### The data:
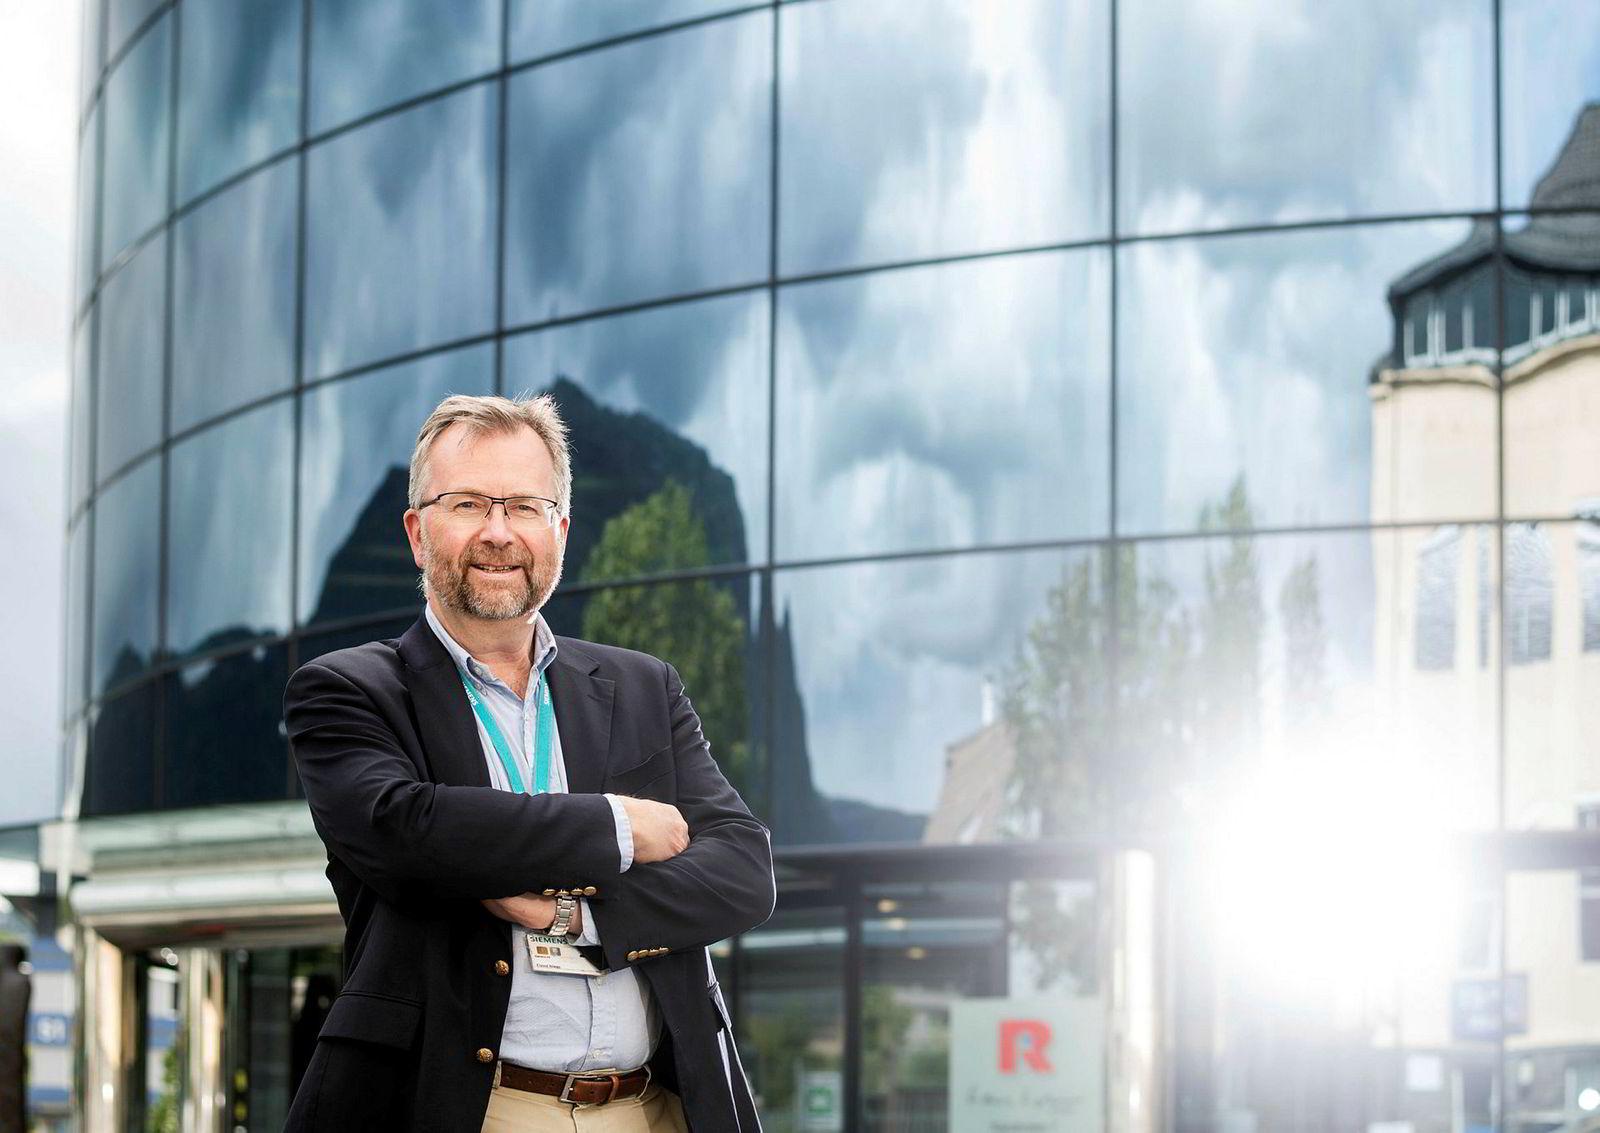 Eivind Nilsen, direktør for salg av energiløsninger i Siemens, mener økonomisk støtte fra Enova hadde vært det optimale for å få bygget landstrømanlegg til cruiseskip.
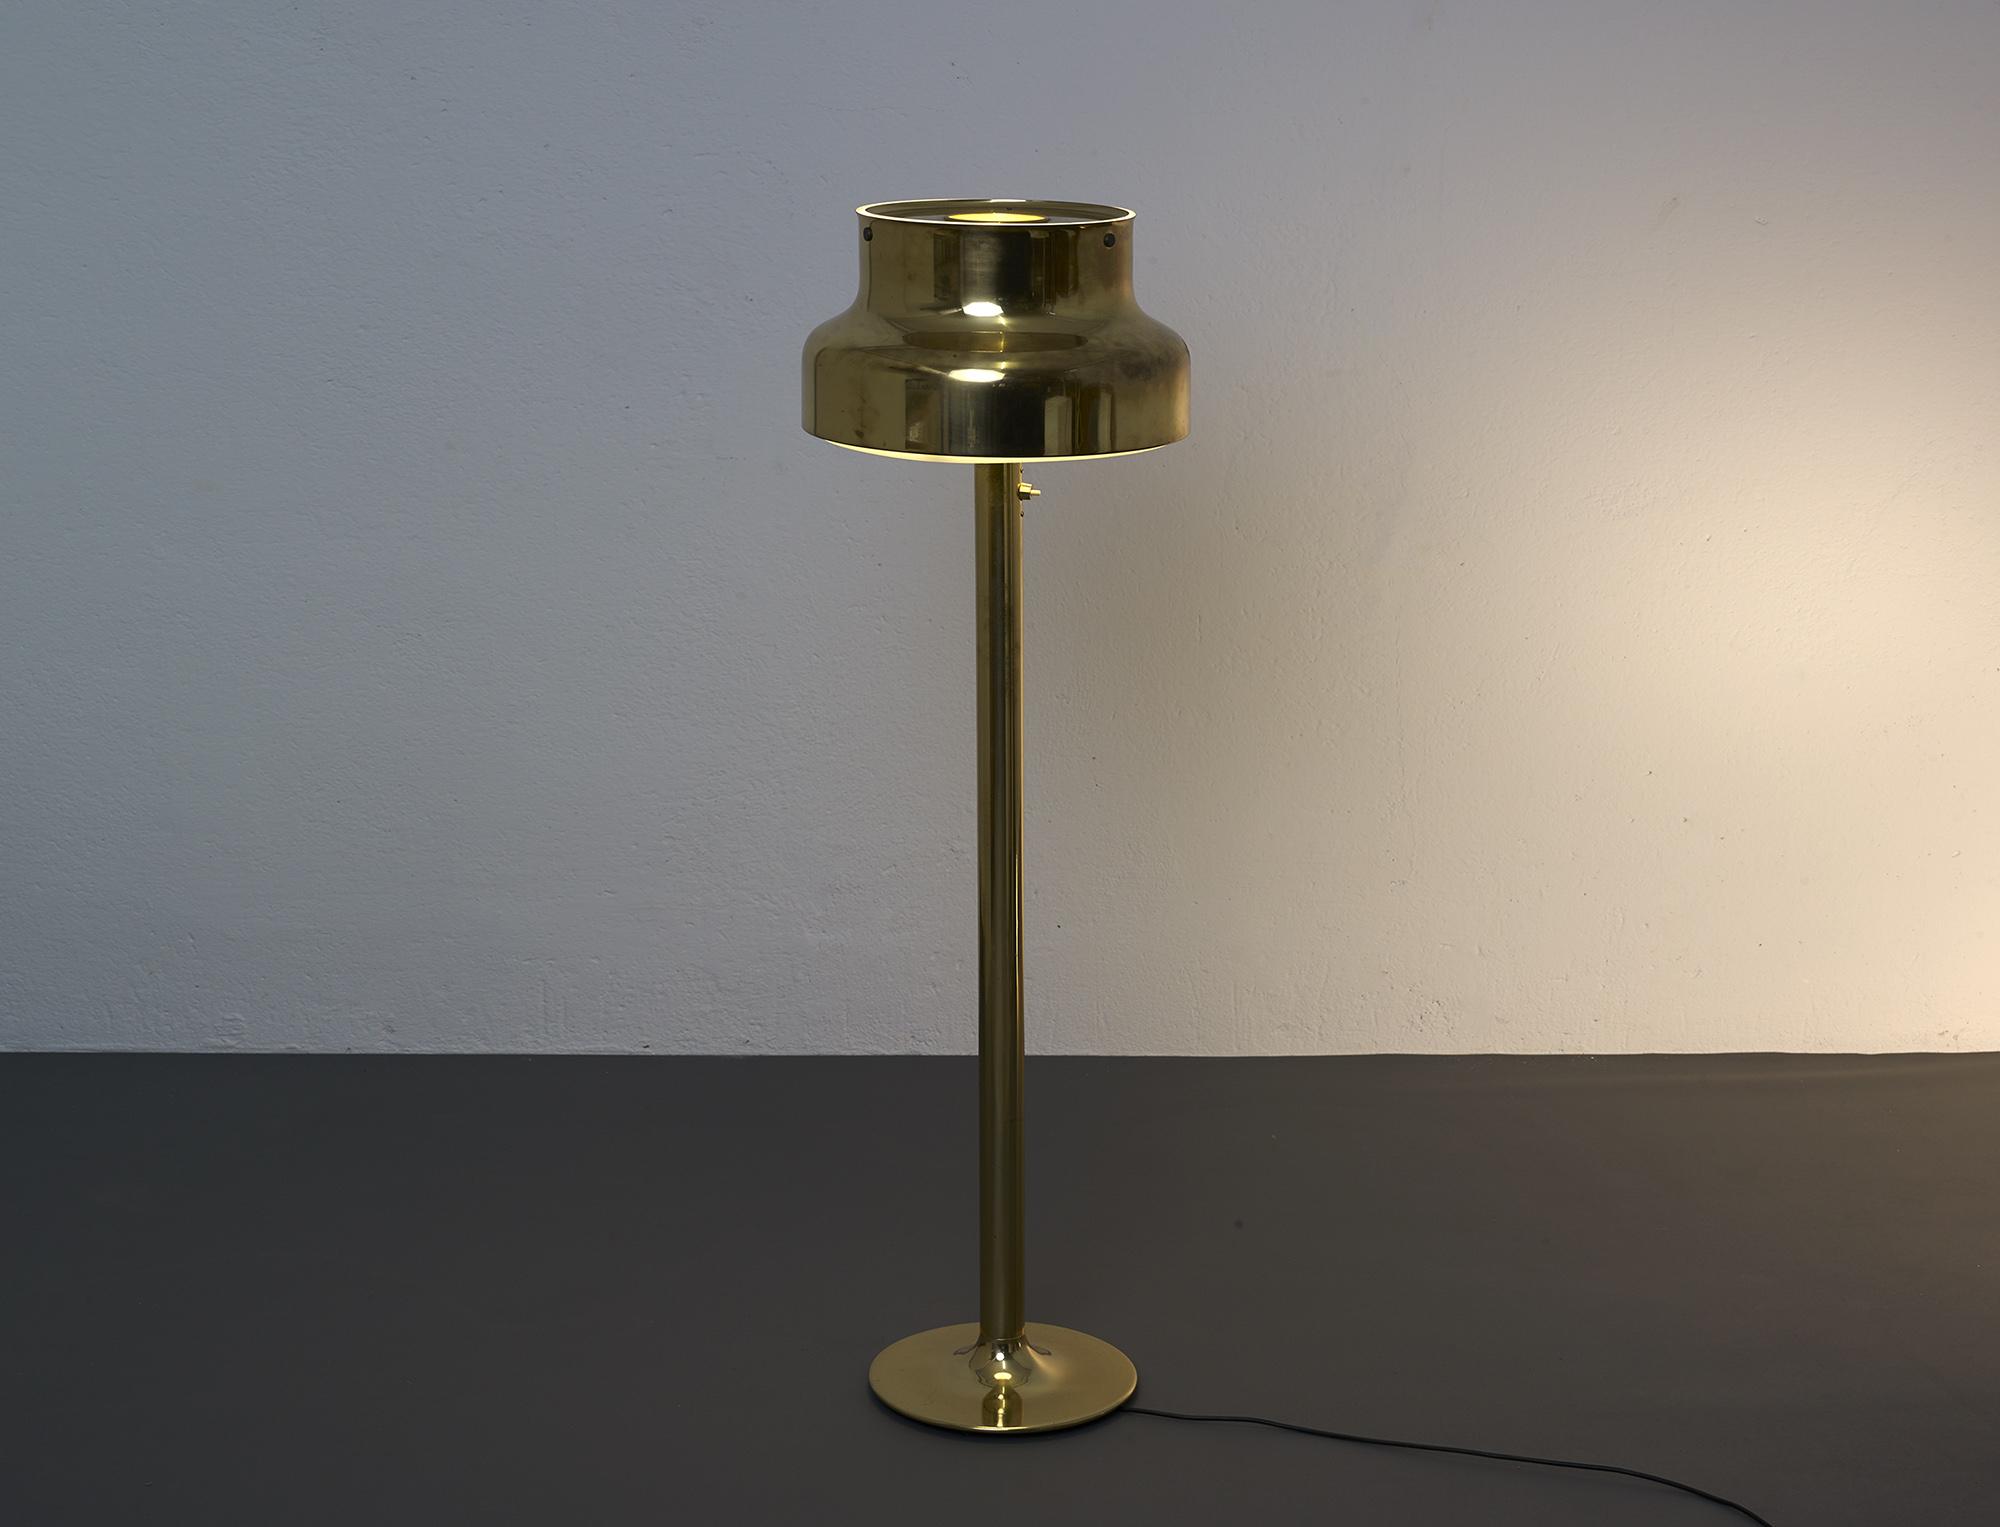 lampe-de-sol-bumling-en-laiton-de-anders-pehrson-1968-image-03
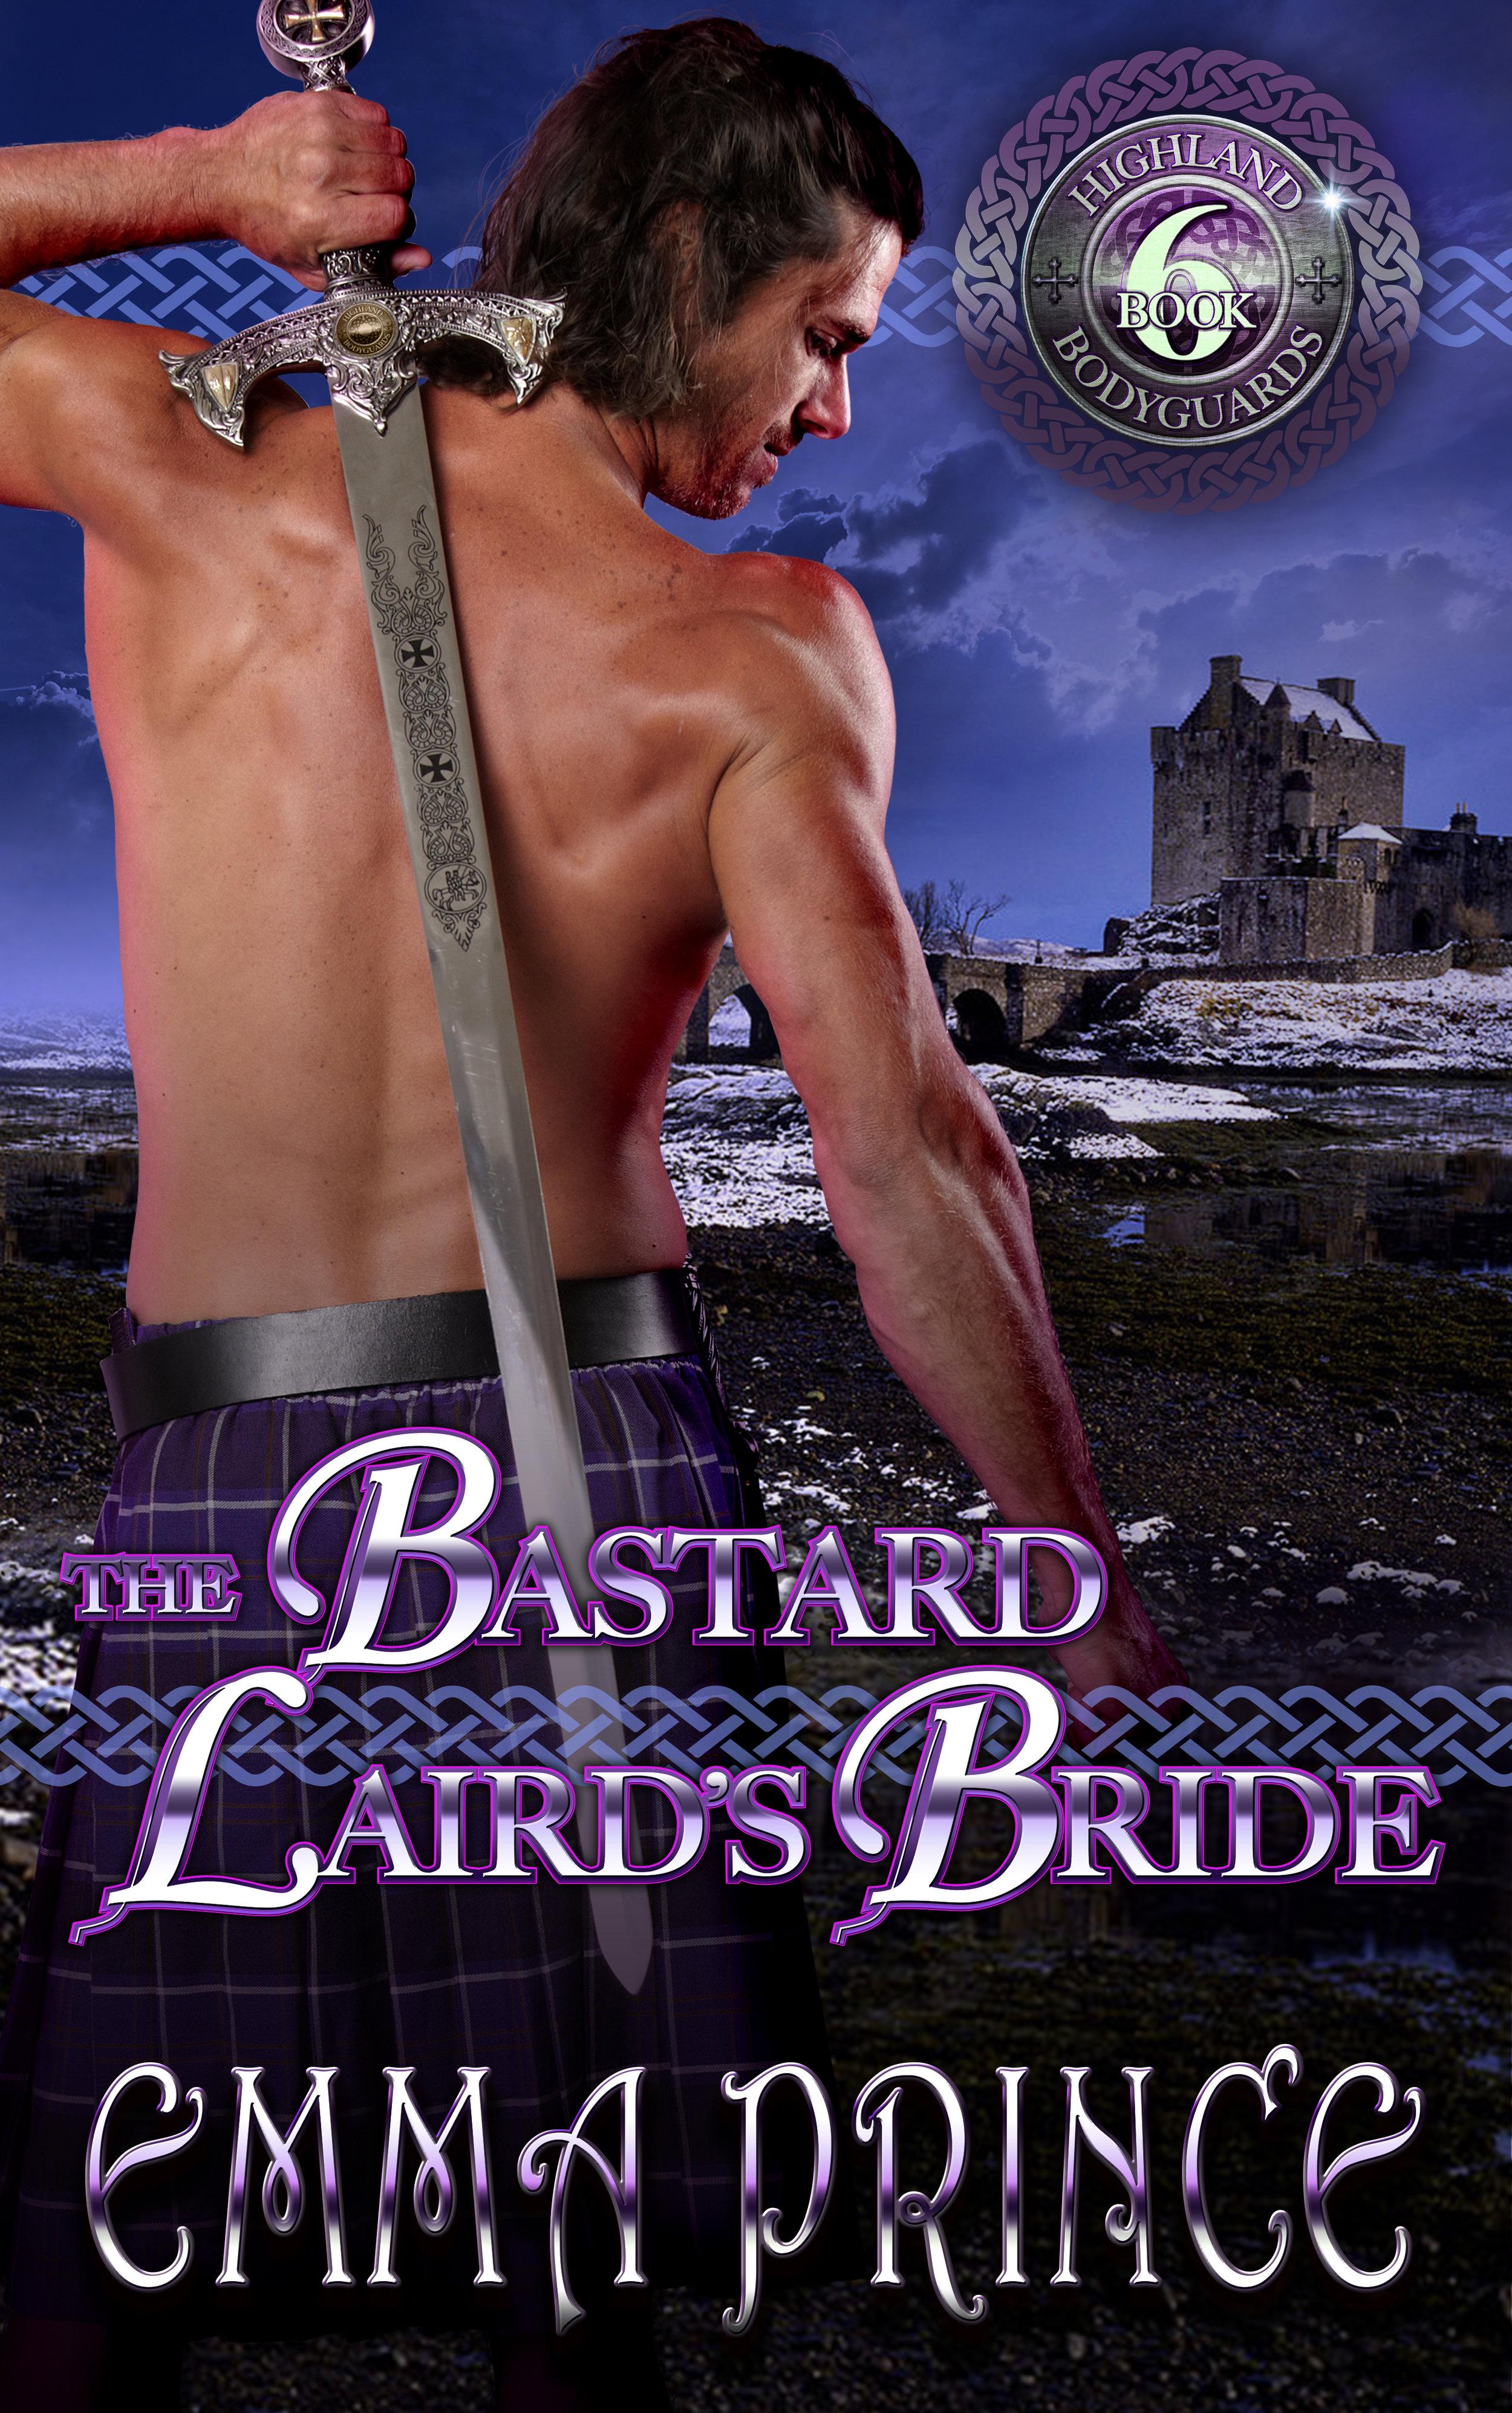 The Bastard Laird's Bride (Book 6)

### Task details:
Produce an exact copy of the lines from the line containing "lampe-de-sol-bumling-en-laiton-de-anders-pehrson-1968-image-03" to the end of the material, both ends included, and omit every picture.

### Reply:
 lampe-de-sol-bumling-en-laiton-de-anders-pehrson-1968-image-03
 The Bastard Laird's Bride (Book 6)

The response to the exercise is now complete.